INSTRUCTIONS FOR THE TASK
You are asked to copy the entire listing exactly, apart from its pictures.

THE DATA

-=-=-=-=-

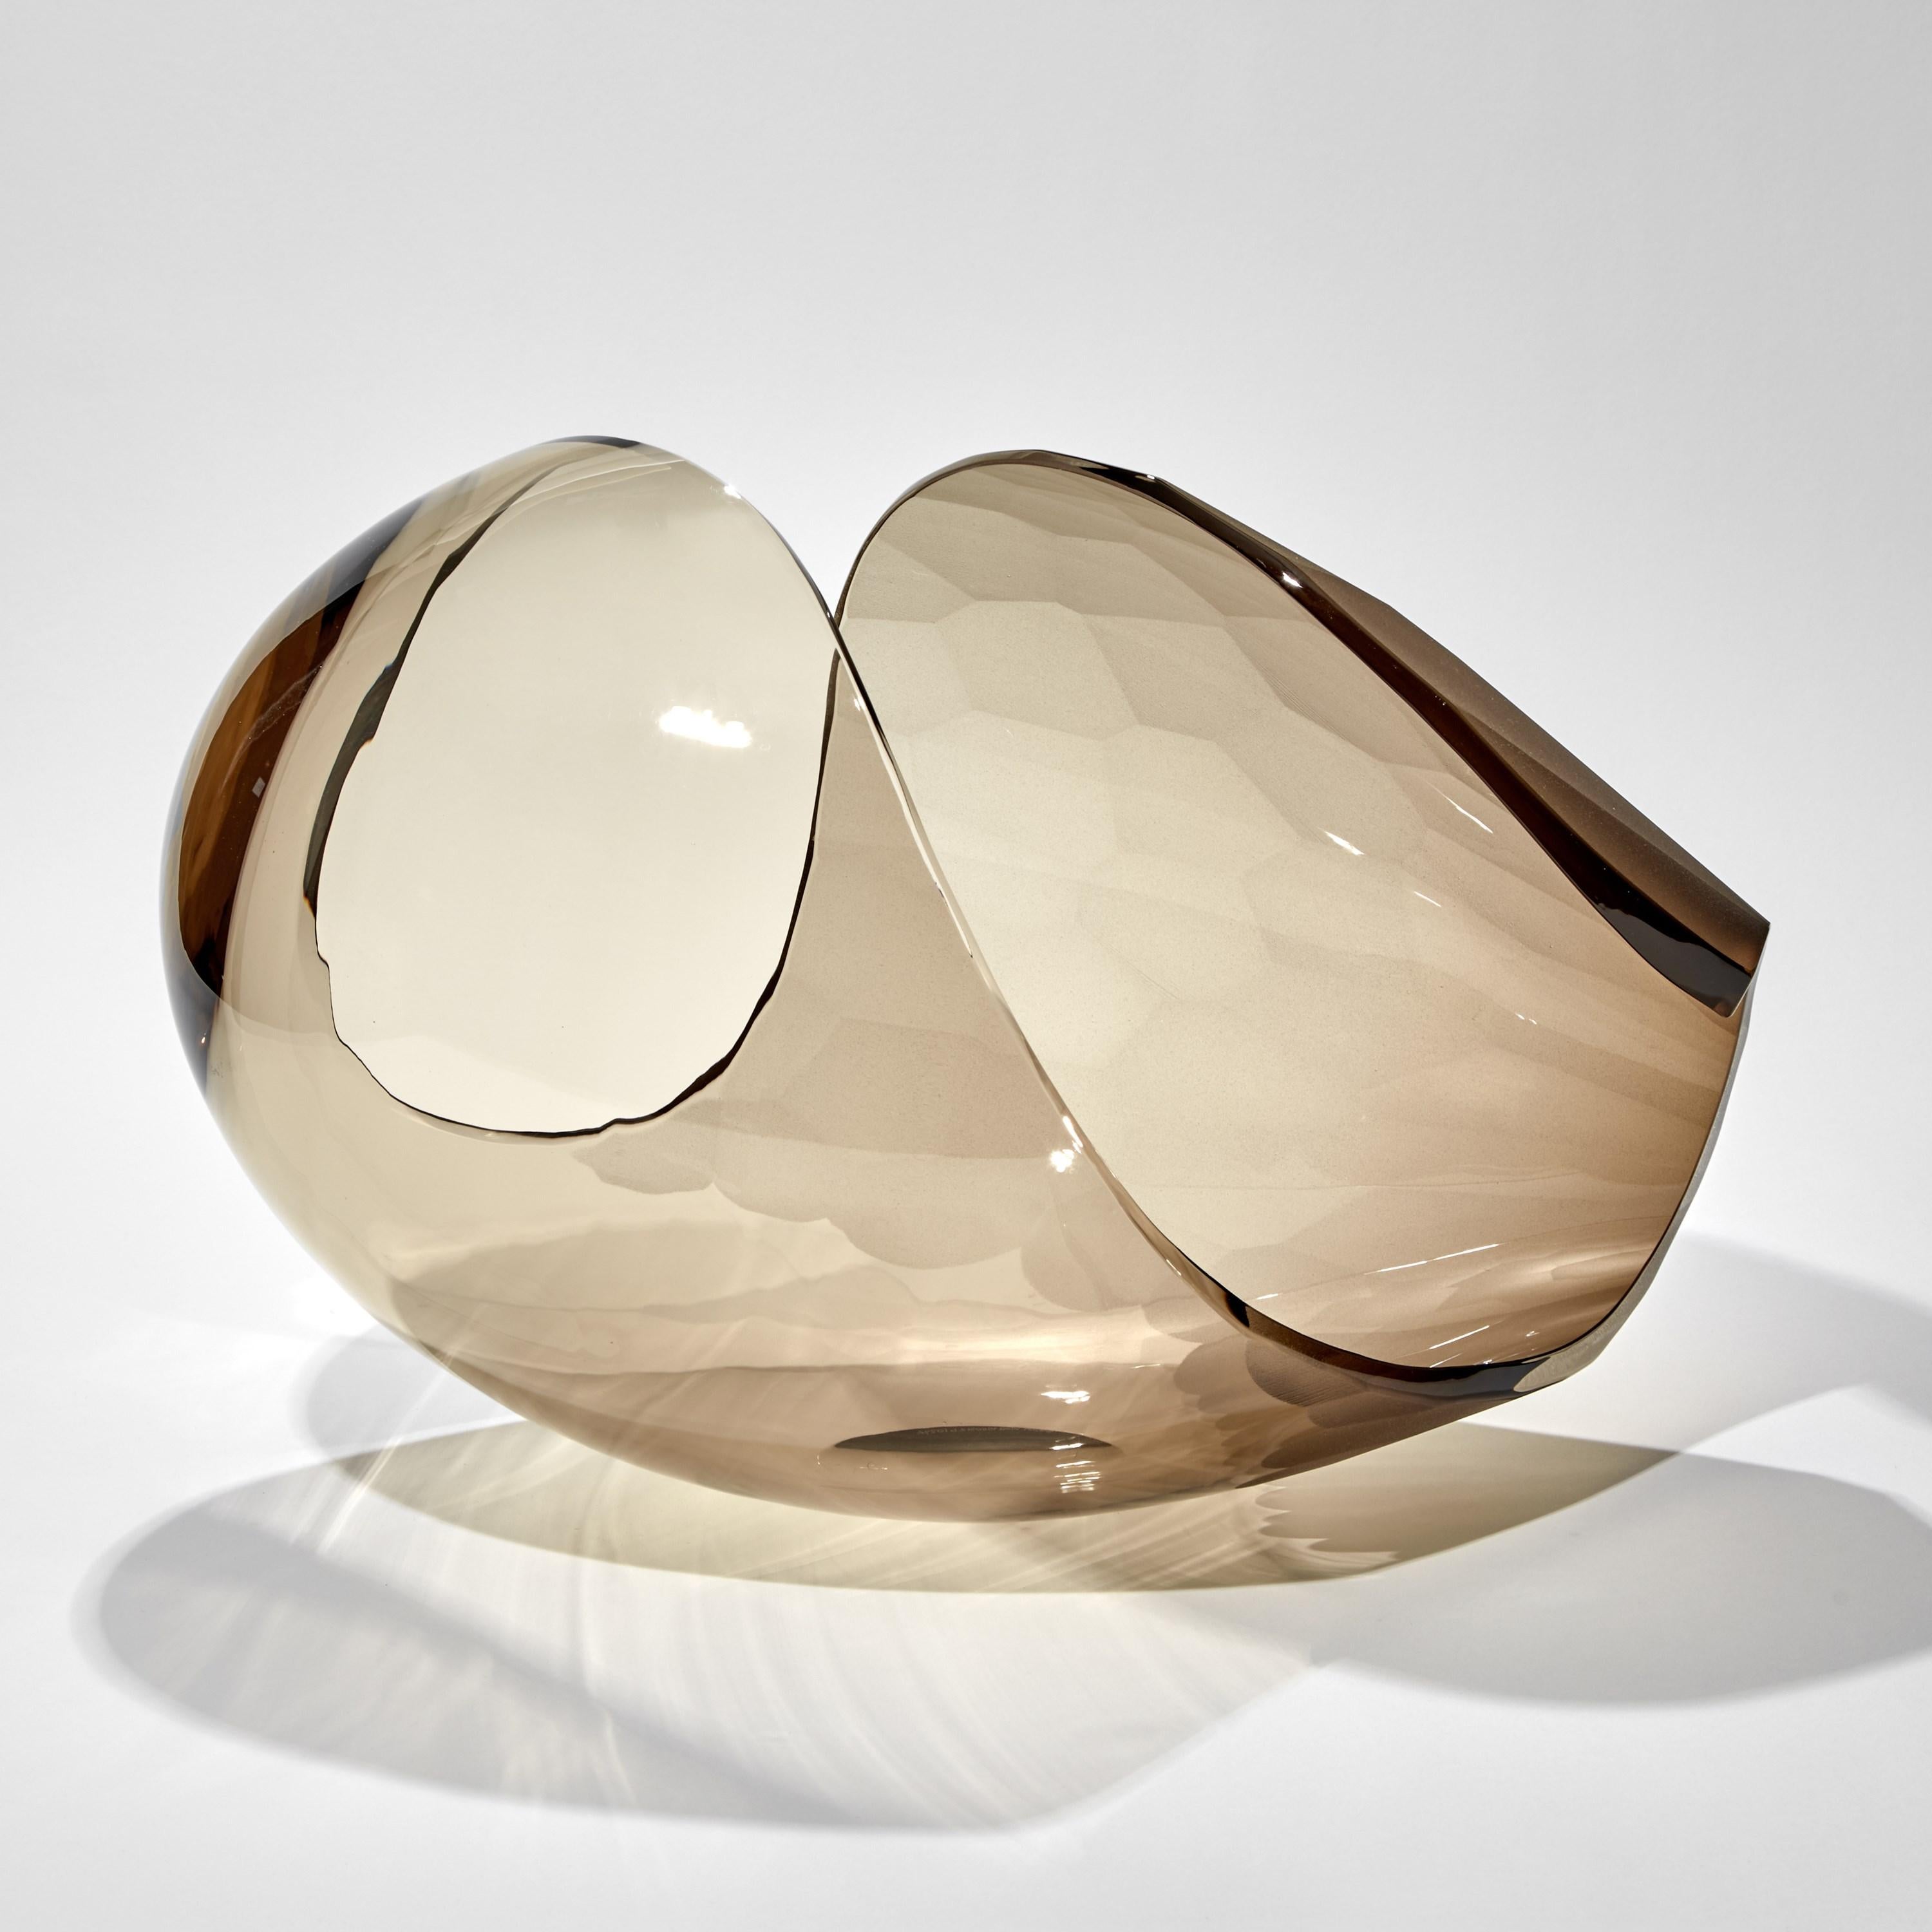 Organic Modern  Faceted Planet in Bronze, a unique Glass Sculpture by Lena Bergström
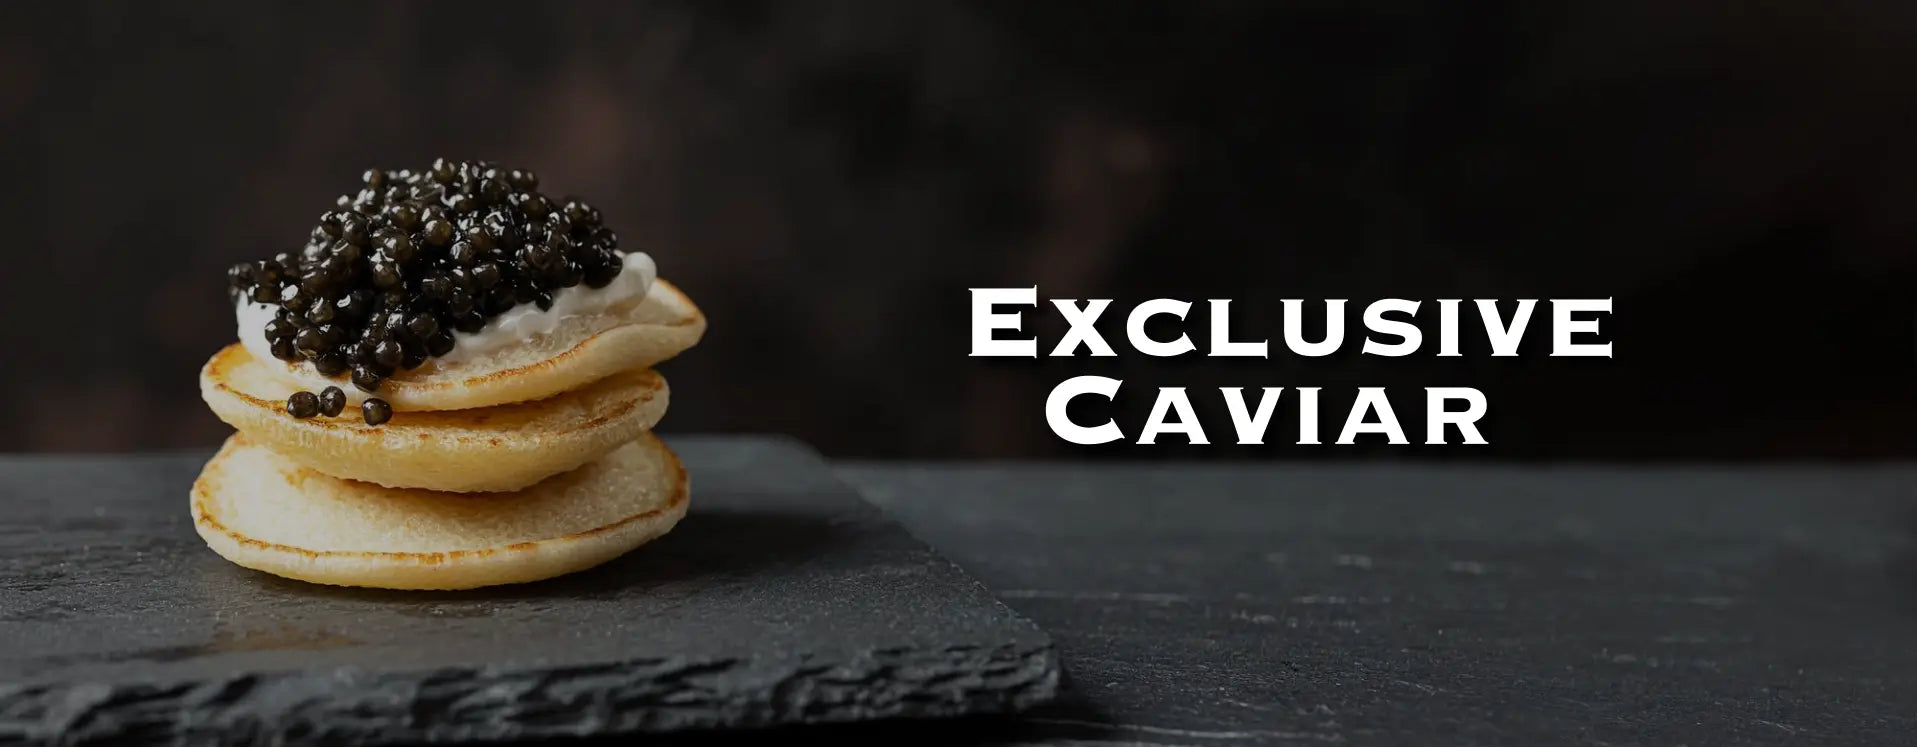 Exclusive caviar
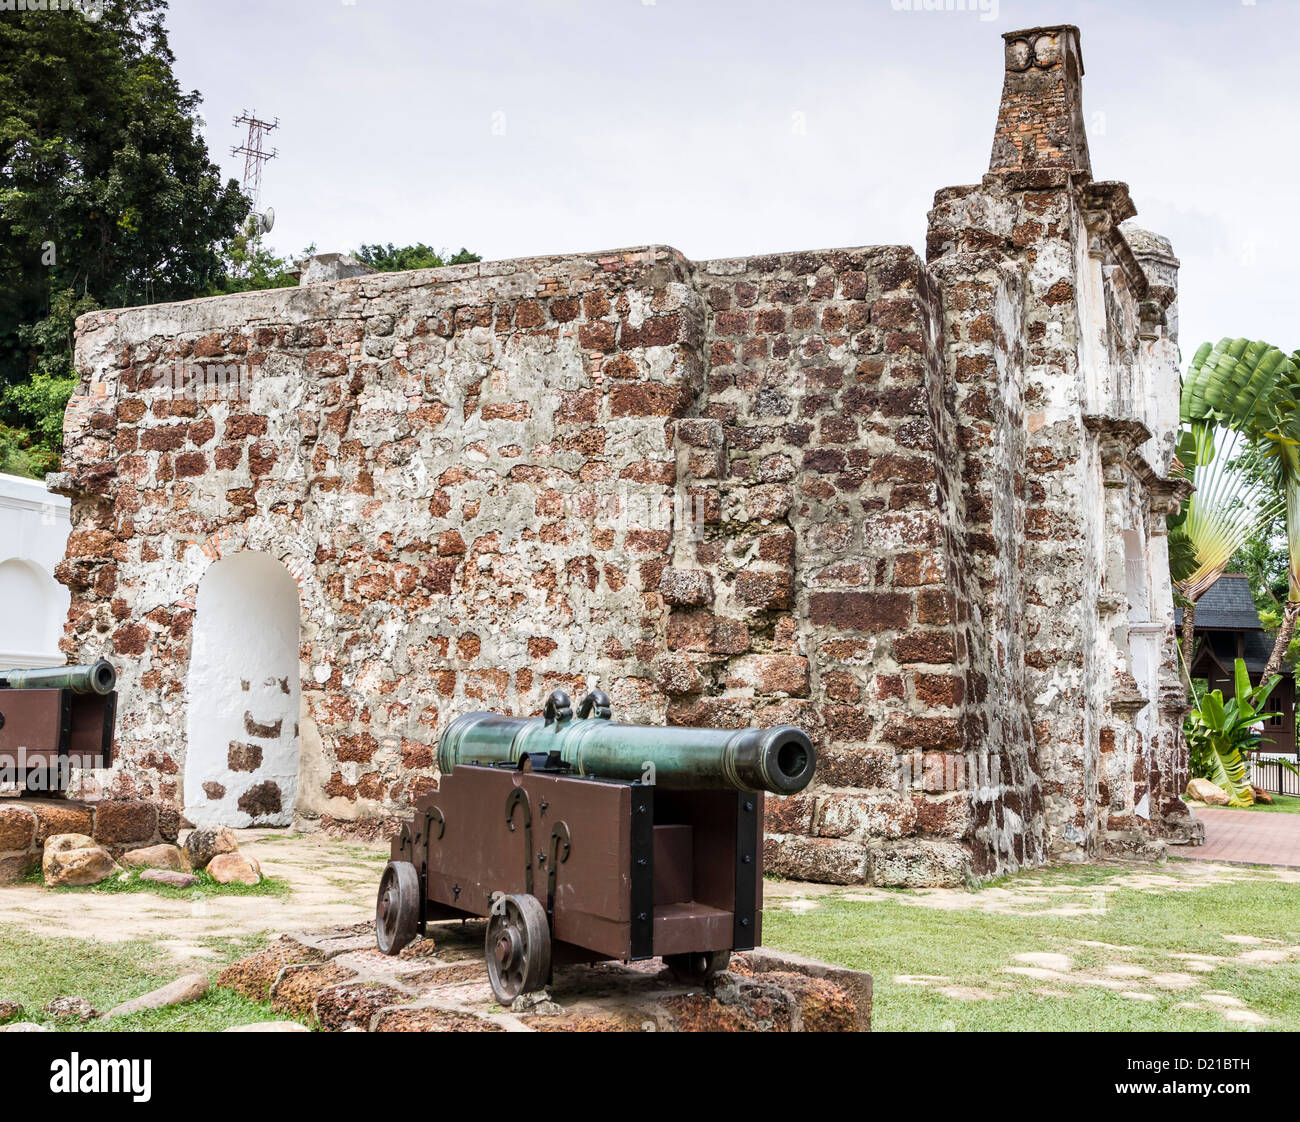 The historic Portuguese fort, A Famosa, in Malacca (Melaka), Malaysia Stock Photo

-=-=-=-=-

RESPONSE BELOW
 Organic Modern  Faceted Planet in Bronze, a unique Glass Sculpture by Lena Bergström
 Exclusive caviar
 The historic Portuguese fort, A Famosa, in Malacca (Melaka), Malaysia Stock Photo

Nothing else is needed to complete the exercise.